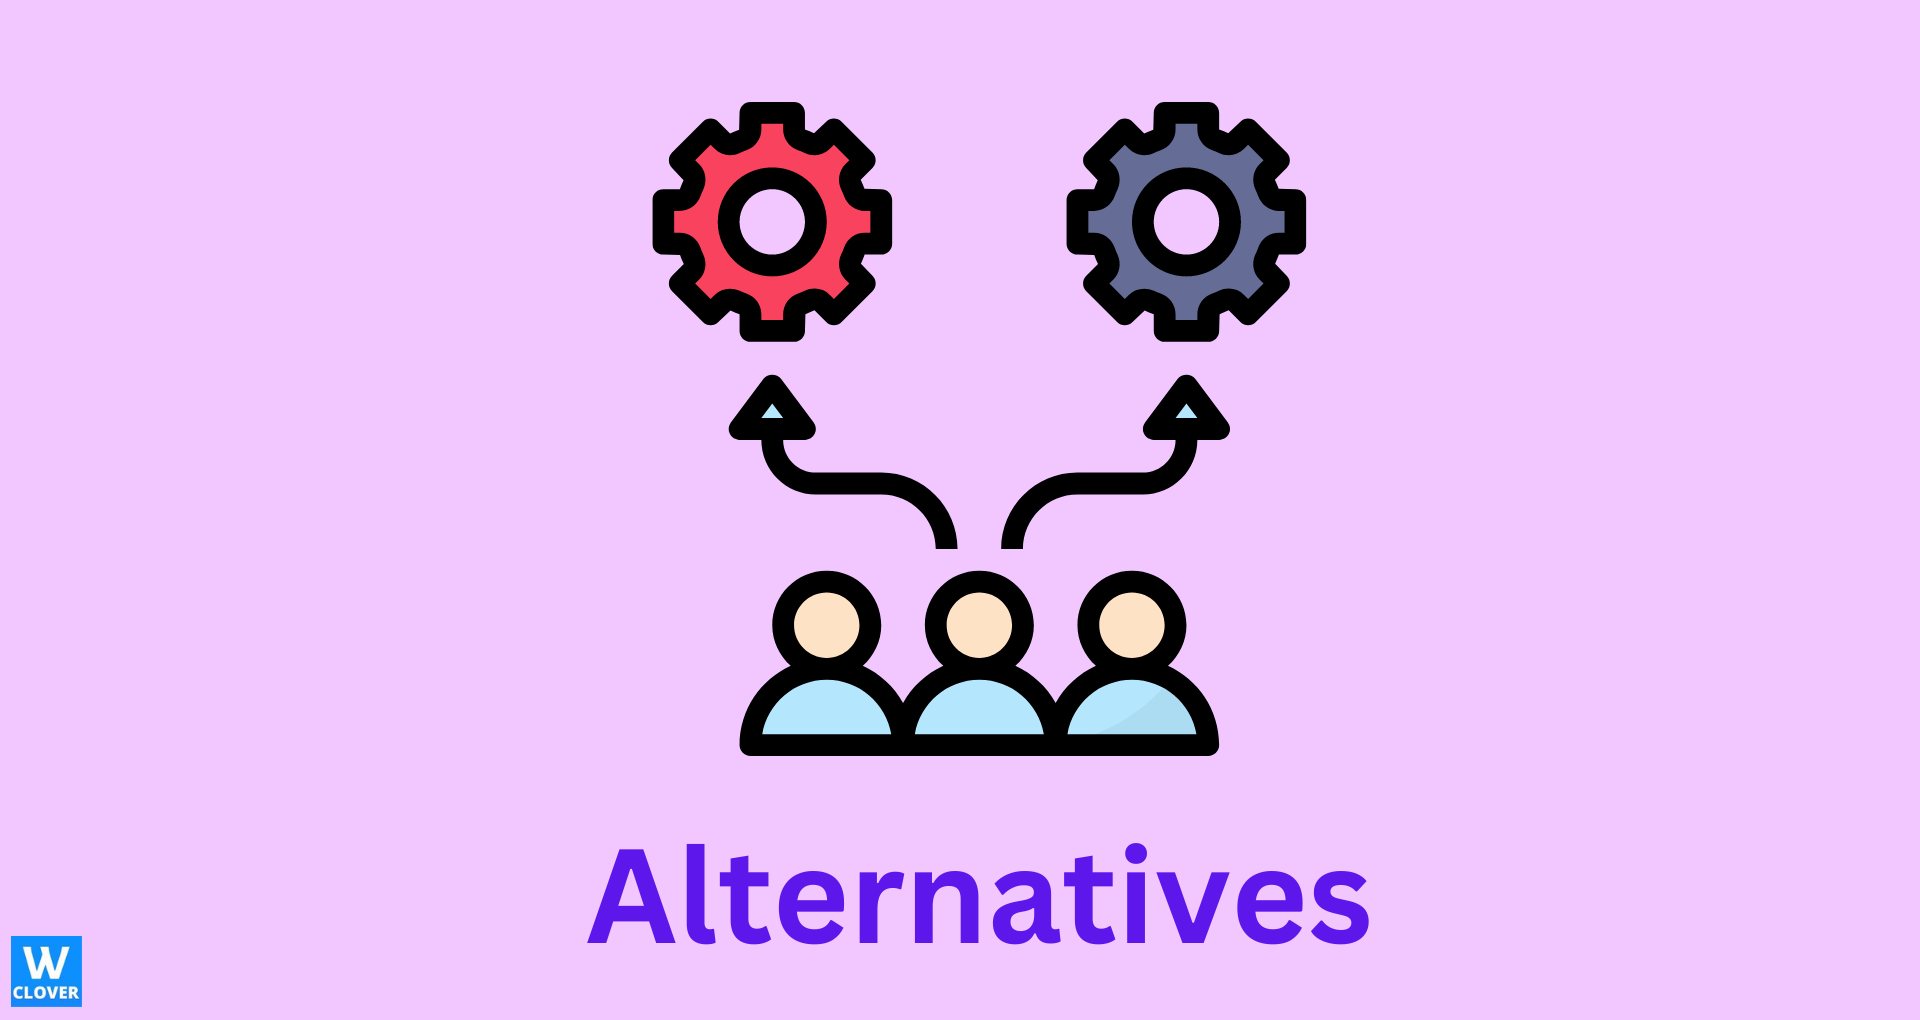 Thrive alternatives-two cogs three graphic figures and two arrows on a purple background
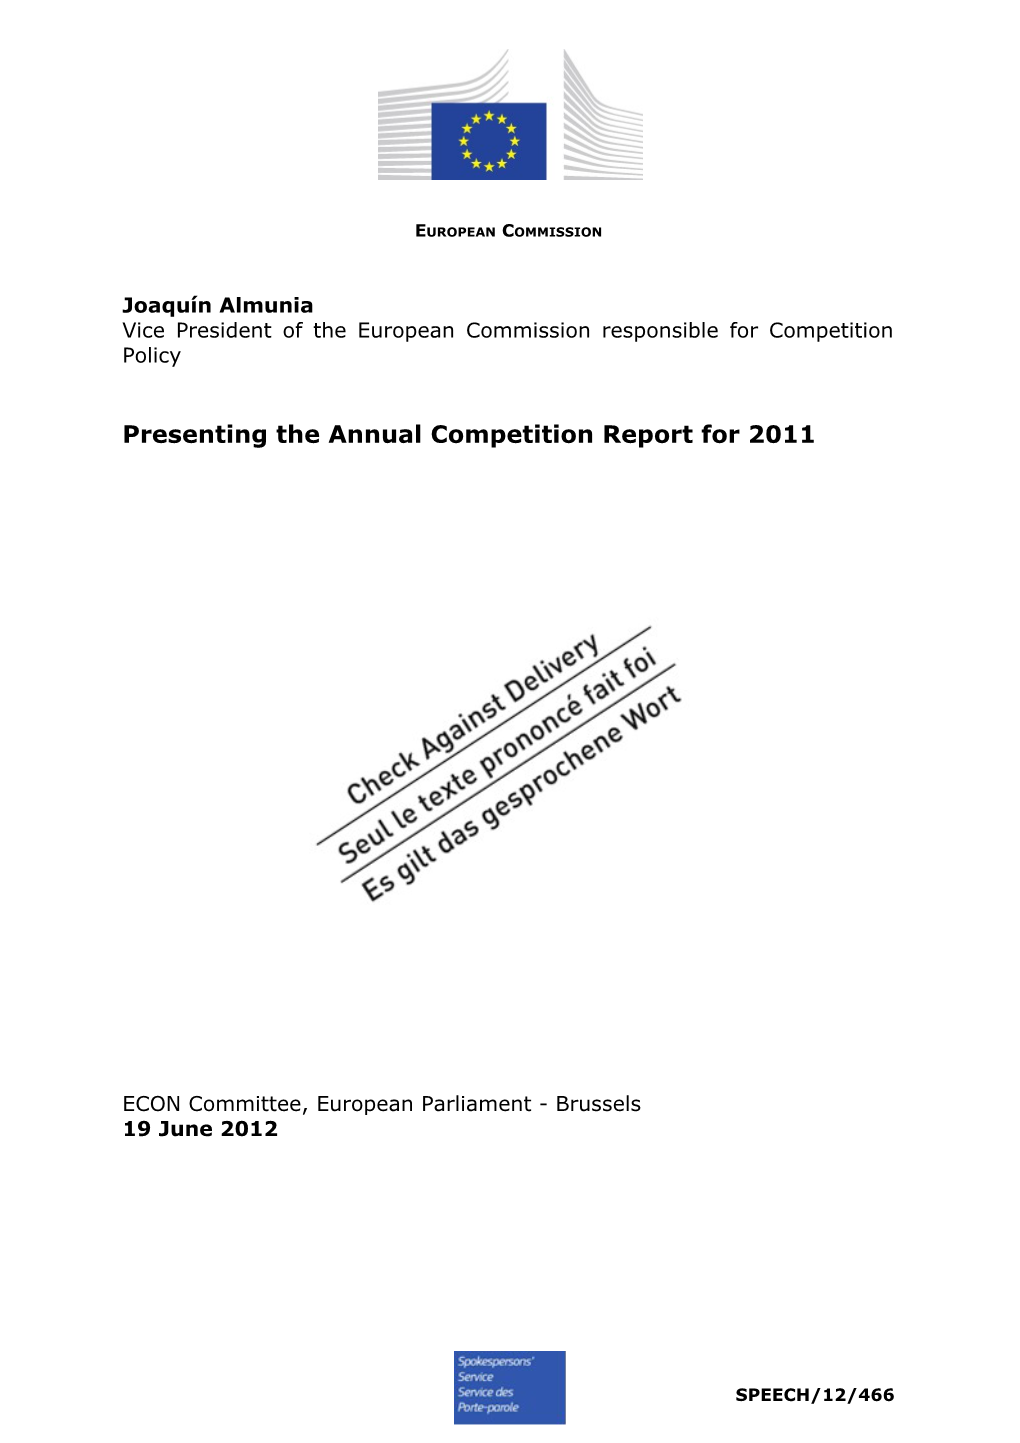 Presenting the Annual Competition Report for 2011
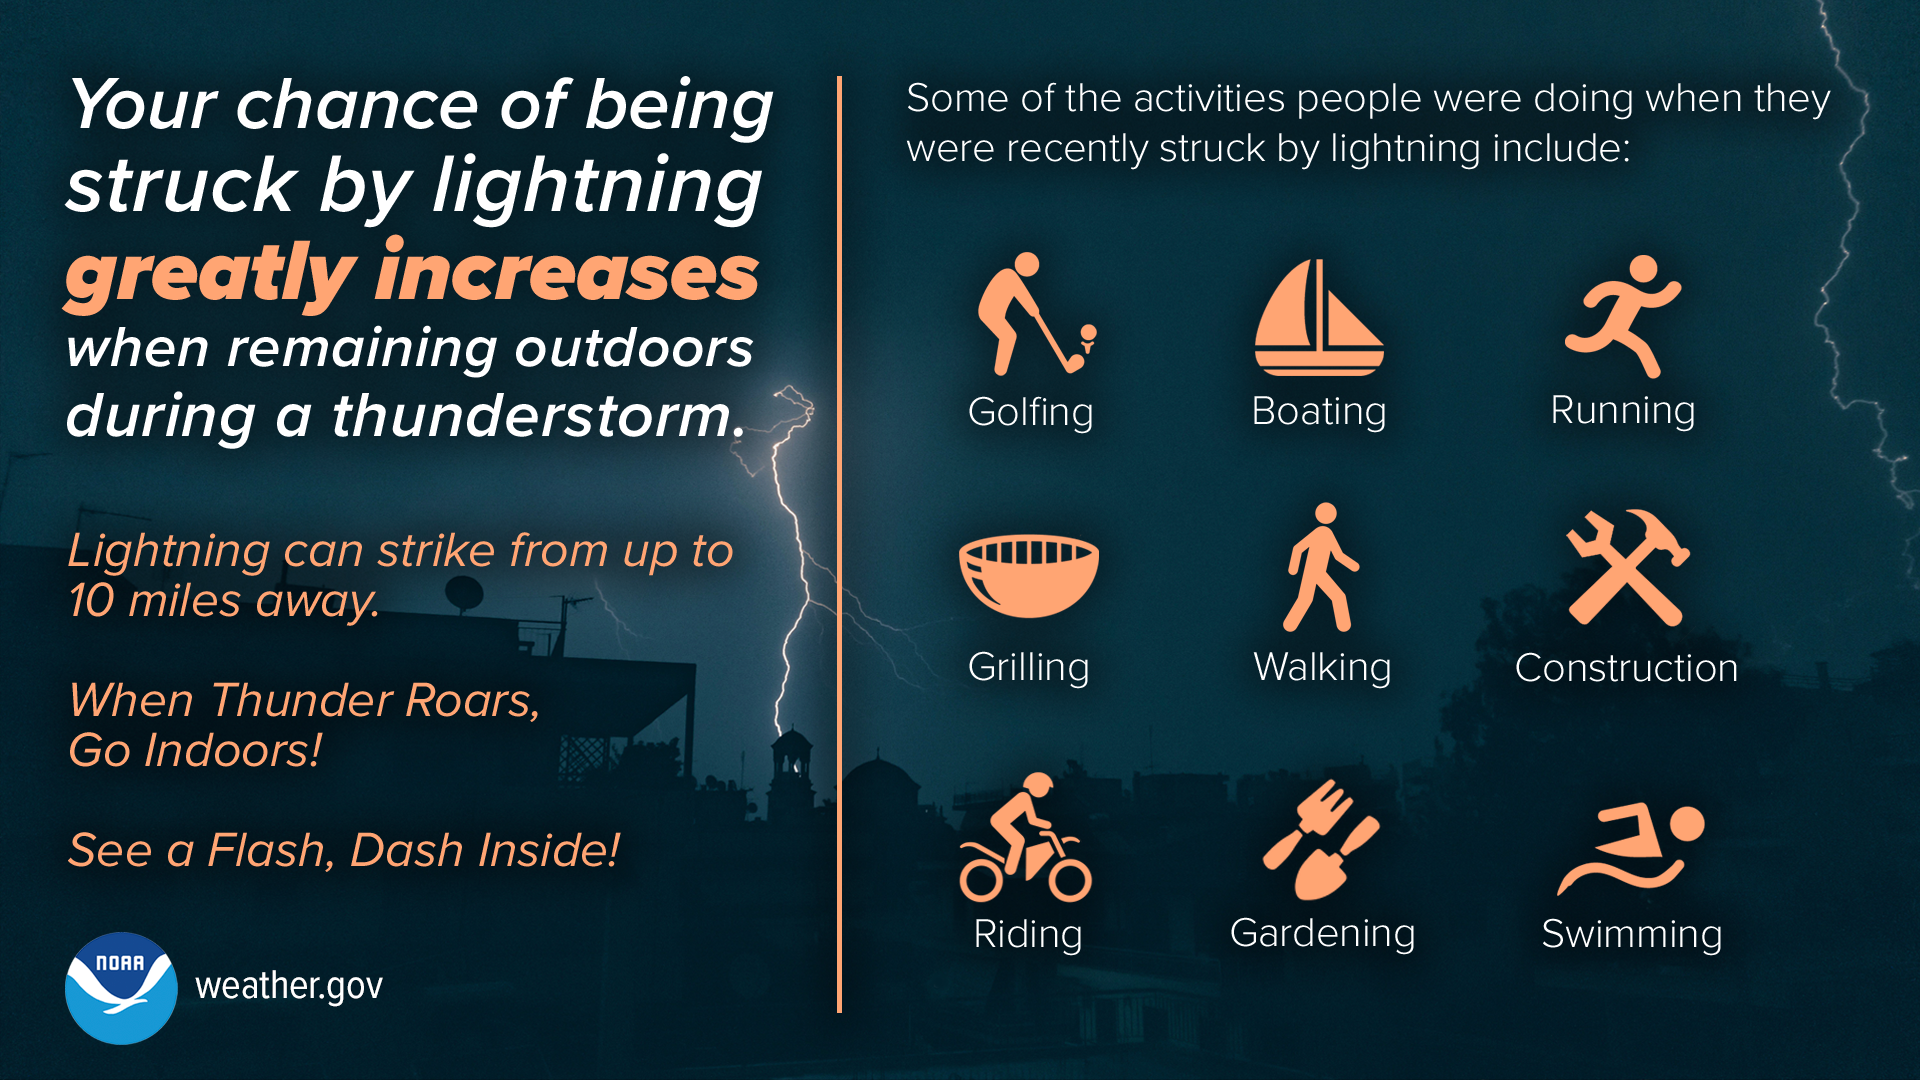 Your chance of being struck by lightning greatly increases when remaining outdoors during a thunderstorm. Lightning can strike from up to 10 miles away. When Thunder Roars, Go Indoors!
==========
Exercise |
Could you output the entire listing verbatim while omitting its pictures?

Worked solution |
 Thrive alternatives-two cogs three graphic figures and two arrows on a purple background
 Presenting the Annual Competition Report for 2011
 Your chance of being struck by lightning greatly increases when remaining outdoors during a thunderstorm. Lightning can strike from up to 10 miles away. When Thunder Roars, Go Indoors!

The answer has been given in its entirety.